Sally Regenhard, who lost her son Christian, 28, a probationary rookie firefighter, in the attack, said she watched the crowd gather at Ground Zero with “a profound mixture of emotions.”
“I’m very gratified that after 10 years something that was promised to us immediately after 9/11 has come to pass,” she said. “And I’m so appreciative of those who came out to express what I experience as support for us who lost loved ones in the attack. On the other hand, I still grieve for my son.”
Fresh Bouquets
Police blocked off one block near the site for foot traffic and media trucks. Passersby snapped photos of a woman selling American flags. Fresh bouquets of roses and daisies flanked a fence separating the street from the construction site.
“In the dark days that followed Sept. 11, we made a solemn commitment -- to the dead and the living -- that we would bring to justice those responsible for killing more than 2,900 innocent people,” Mayor Michael Bloomberg said at a press conference at the site. “Yesterday, Osama bin Laden found out that America keeps its commitments.”
The mayor is founder and majority owner of Bloomberg News parent Bloomberg LP.
Rising From Ground
Towering above the onlookers was the frame of what will be the 1,776-foot One World Trade Center, the $3.1 billion project’s signature building. Workers have placed steel supports to 64 stories, said Steven Coleman, spokesman for the Port Authority of New York and New Jersey, which owns the site and has supervised construction. Work remains on schedule toward a 2014 completion, he said.

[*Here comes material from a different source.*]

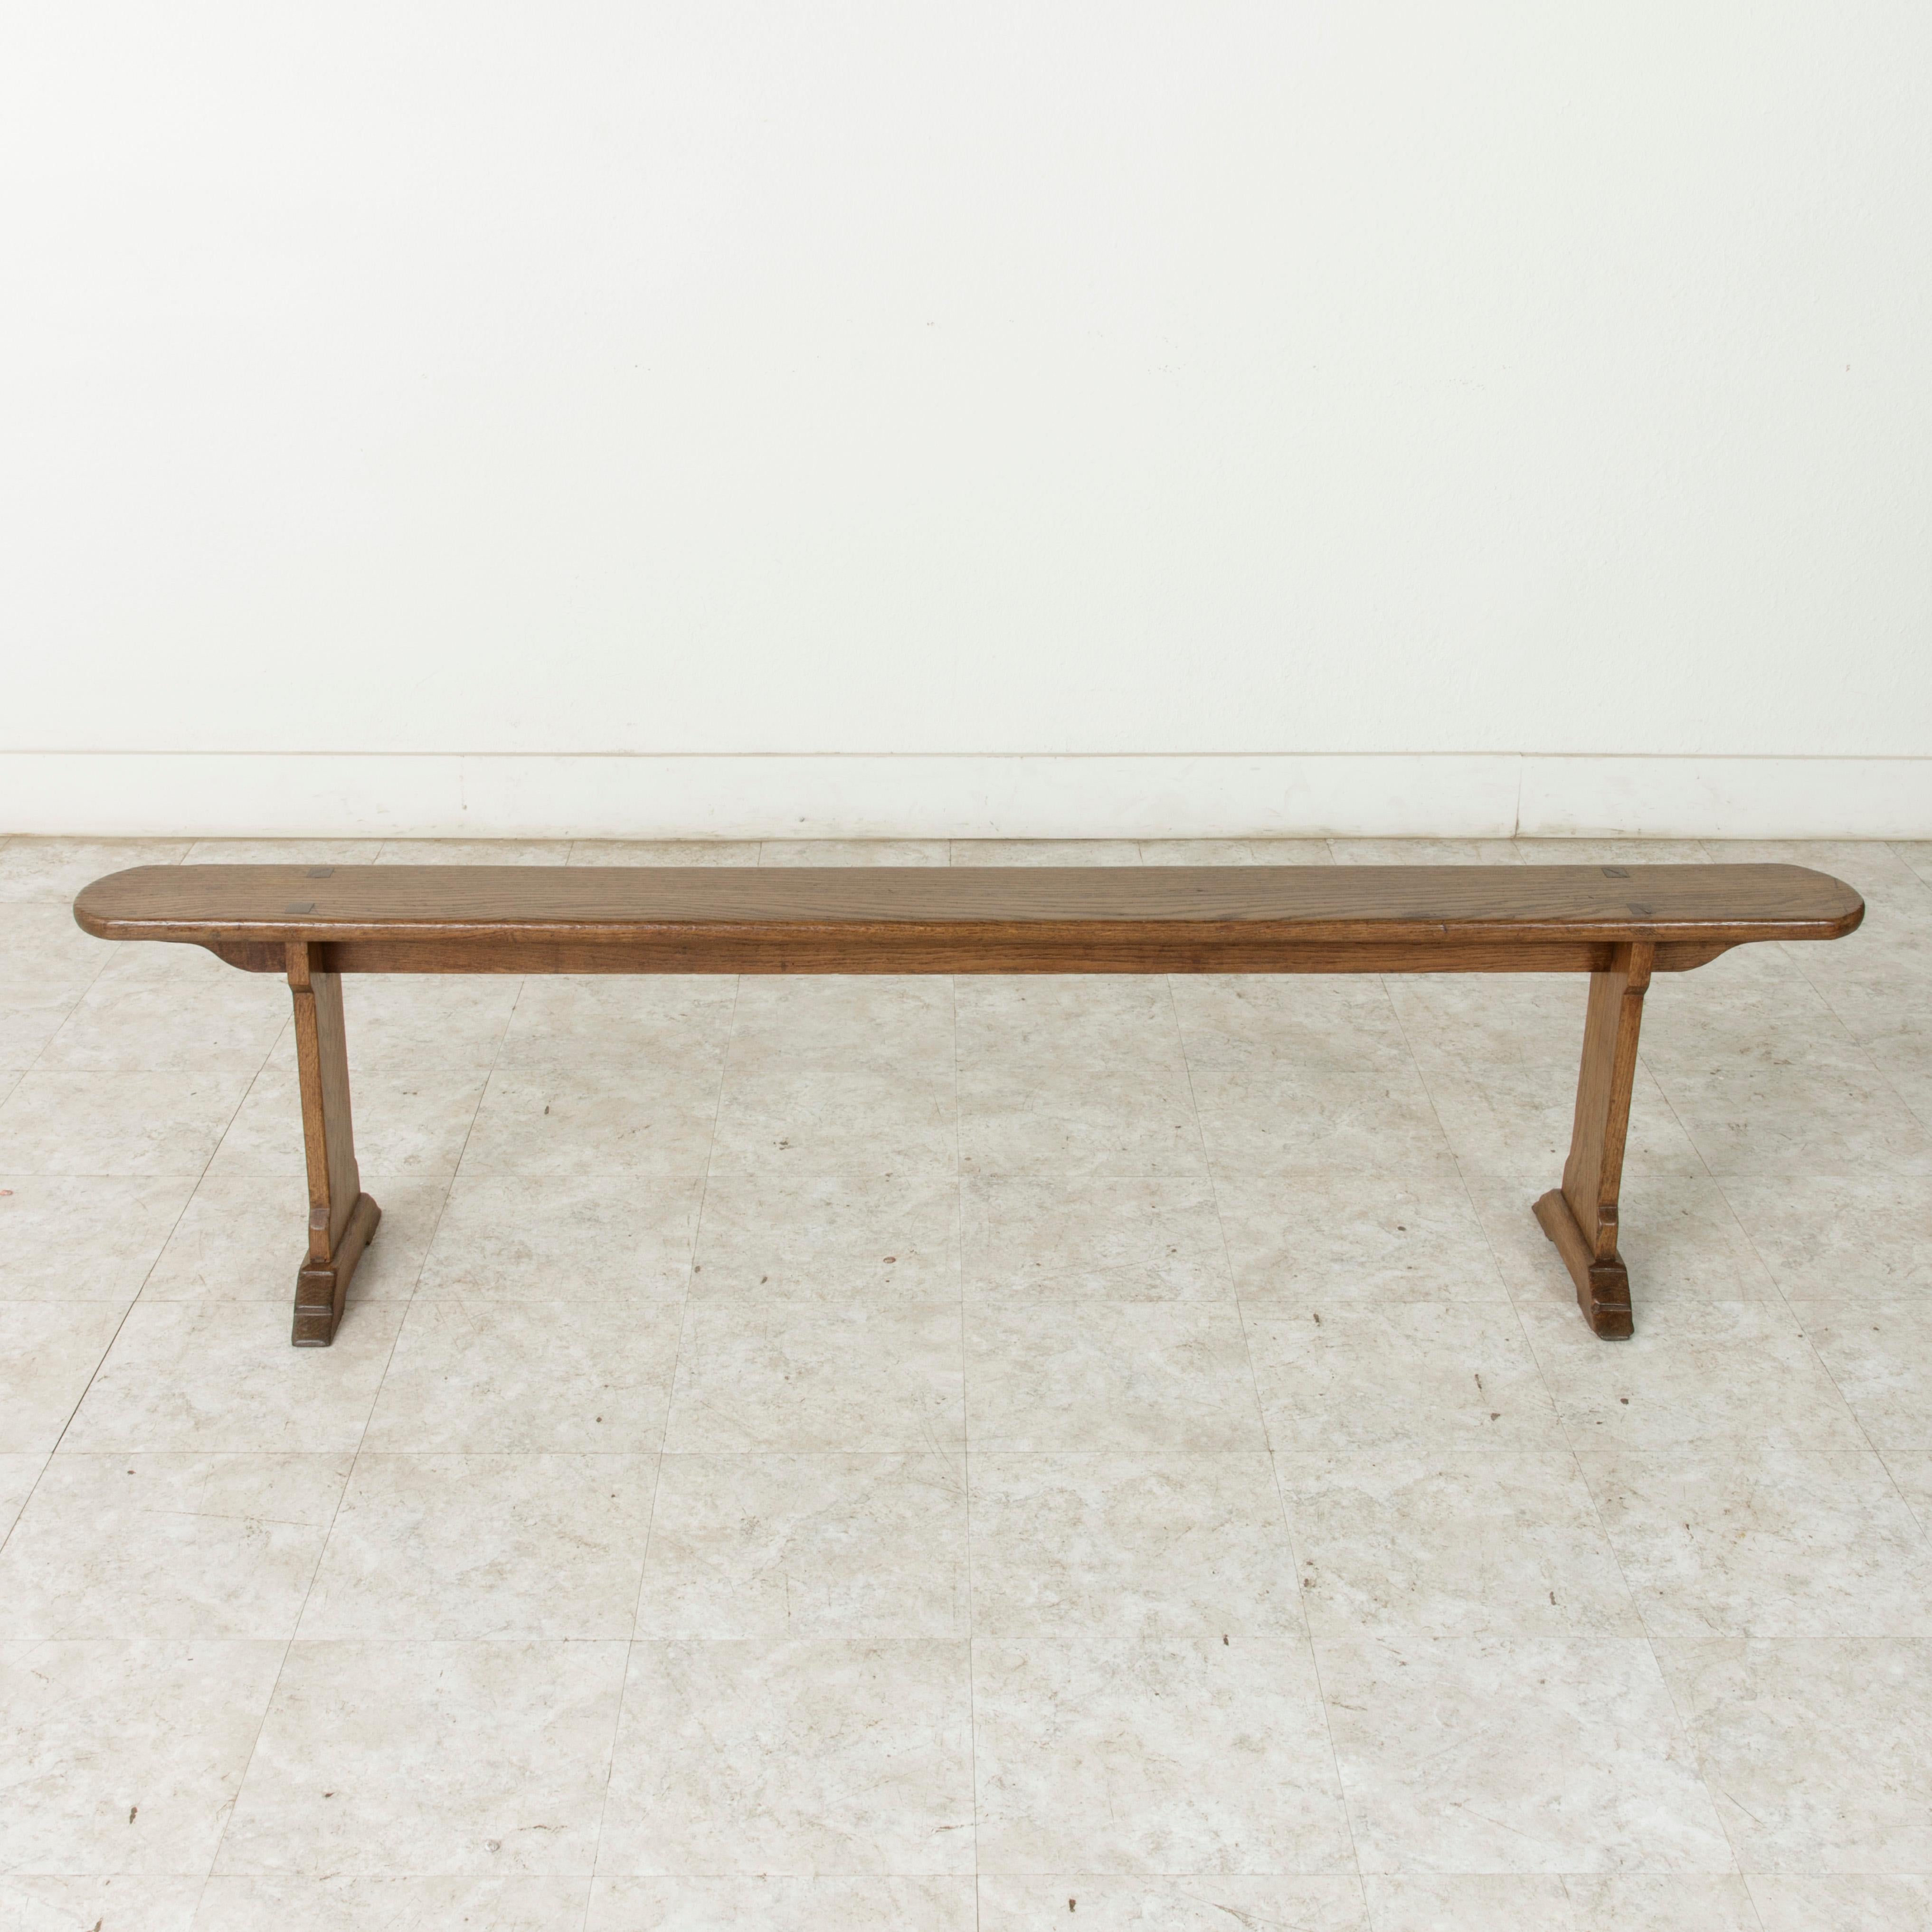 From the region of Normandy, France, this pair of early 20th century artisan-made oak benches measure 75 inches in length. Their seats rest on stretchers that extends their entire length. Seven inch wide seats rest on legs constructed with mortise

A $3.4 billion transportation hub connecting city subways with a Port Authority rail transit link under the Hudson River to New Jersey is on schedule for completion in 2014, Coleman said.
A memorial plaza and tree arbor, scheduled to open Sept. 11 for the 10th anniversary of the attack, features almost- completed reflecting pools and more than 150 trees. The National September 11 Memorial & Museum, to be completed in 2012, will reflect the raid in Pakistan yesterday, said Joe Daniels, its president and chief executive officer.
President Barack Obama announced yesterday that bin Laden had been killed in a firefight by a team of U.S. operatives who raided the compound where he had been hiding. Bin Laden, 54, eluded American forces that invaded Afghanistan following the 2001 attacks, escaping across the mountainous border with Pakistan.
Closed Wound
“What happened yesterday is a milestone moment in the story, something people around the world have wanted for more than 10 years, and now that wound is closed,” Daniels said in an interview. “We intend to tell the story of this operation, how the commandos recall the courage and heroism of the 400 first responders who lost their lives in the attack, and its implications, which have yet to unfold.”
Elsewhere on the site, the 72-story, 977-foot tall (298 meter) 4 World Trade Center is scheduled to open in 2013, said Bud Perrone, a spokesman for developer Larry Silverstein. Three World Trade Center, planned for 80 stories, or 1,170 feet, will first be built seven stories high, including five floors of retail, he said.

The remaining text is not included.